Kale is known to be one of the most nutrient-dense foods on earth. The more of it you can get into your body, the better. It contains numerous health-benefiting phytochemicals, anti-oxidant properties, and it is anti-inflammatory. Regular consumption of kale is said to help lower cholesterol as well as prevent several forms of cancer.
Kale is a rich source of minerals like copper, calcium, sodium, potassium, iron, manganese, and phosphorus. Per calorie, kale has more calcium than milk and more iron than beef. It contains Omega fatty acids and a healthy dose of fiber, both of which are deficient in the average American diet.
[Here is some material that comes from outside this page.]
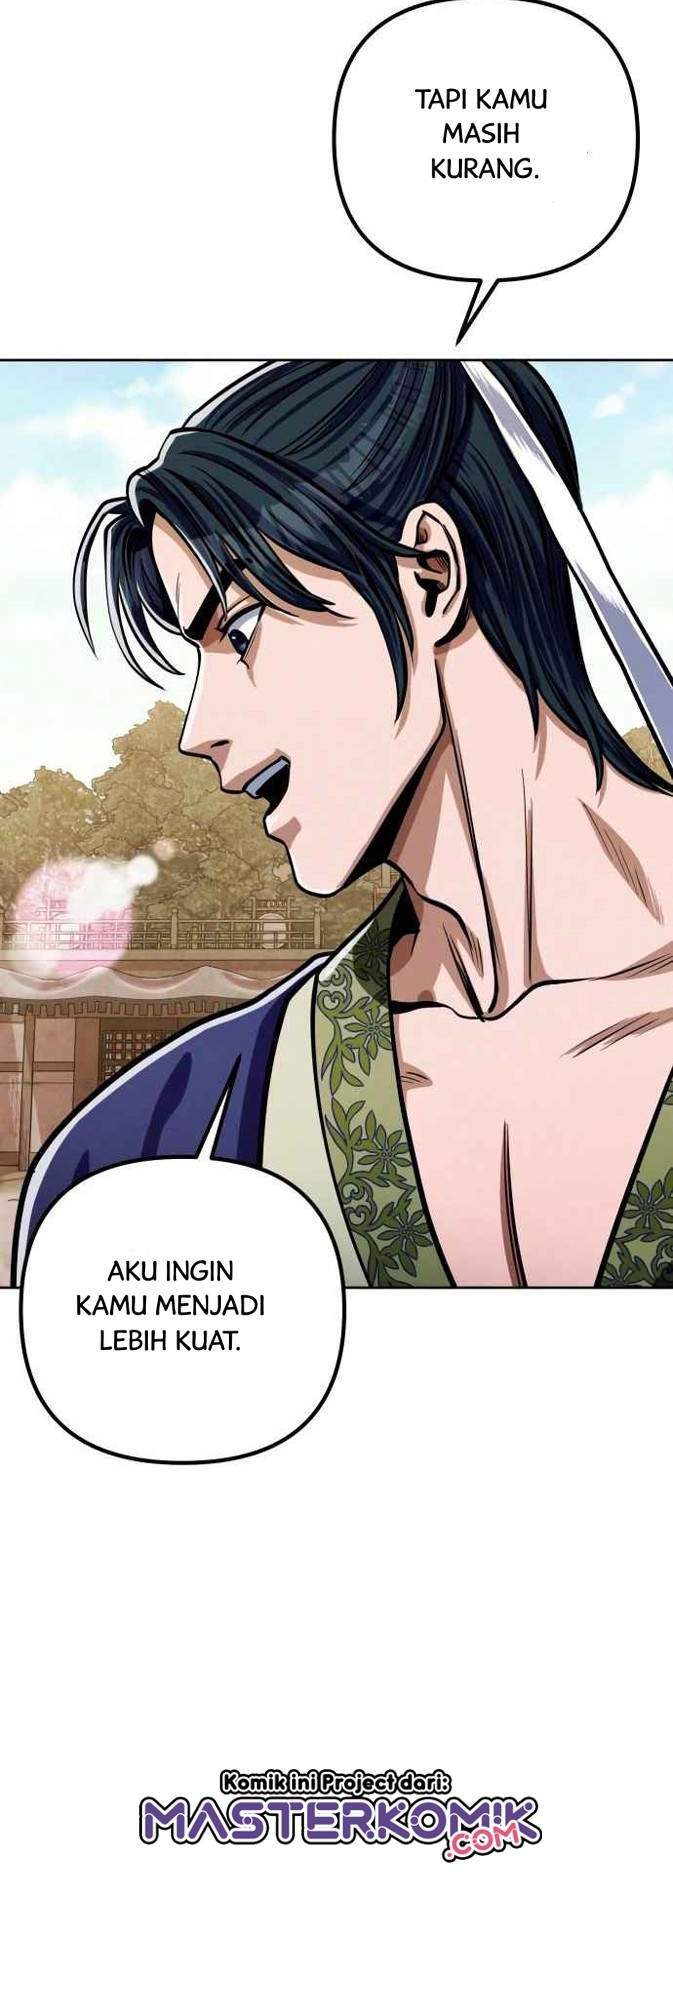 Ha Buk Paeng’s Youngest Son Chapter 8 40
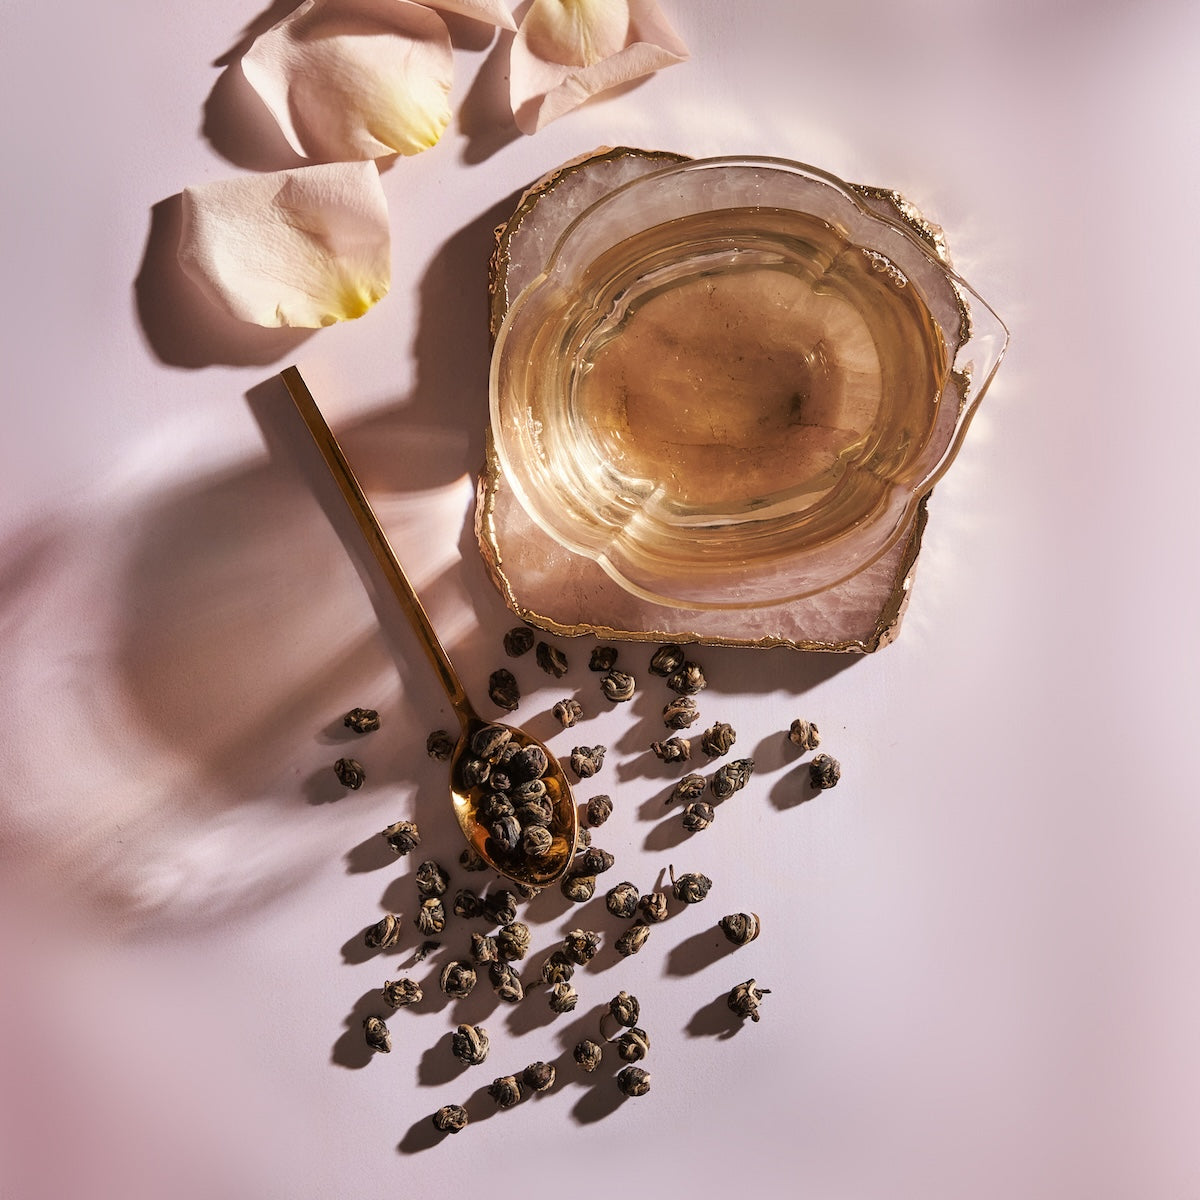 A delicate translucent tea cup with gold edges sits on a pink surface. Beside it, a gold spoon holds Jasmine Pinnacle Pearls Green Tea from Magic Hour, with more pearls scattered around. Light pink rose petals and jasmine flowers are arranged nearby, adding a soft, elegant touch to the serene scene.

To lower your body’s chemical burden, make sure you are consuming organic kale as opposed to conventional kale, which is on the EWG’s “plus” list as produce to avoid when grown conventionally due to a high rate of pesticide use.
When eating kale raw you will find it more digestible by breaking it down in one way or another. This can be achieved by fine chopping, massaging with an acid like lemon juice or apple cider vinegar, or through slight warming in a dehydrator. The upside of eating kale raw is that you’ll reap the benefits of all the nutrients and live enzymes.
Add 2-5 kale stems with leaves to fruit or protein smoothies. High-speed blenders work best to break down the stems, but conventional blenders will also work. Try this Green Goddess Smoothie and feel free to add or subtract ingredients based on your dietary needs and preferences. There is a lot of room for creativity and customizing when it comes to smoothies. Experiment!
Add kale to vegetable juice for maximum nutrition and fast absorption. When I’m not traveling I drink a quart of green juice a day consisting of kale, collard greens, dandelion greens, cucumber, parsley, celery, romaine, cilantro, lemon and ginger. If you’re new to juicing, perhaps try adding a green apple or a beet to help sweeten this up.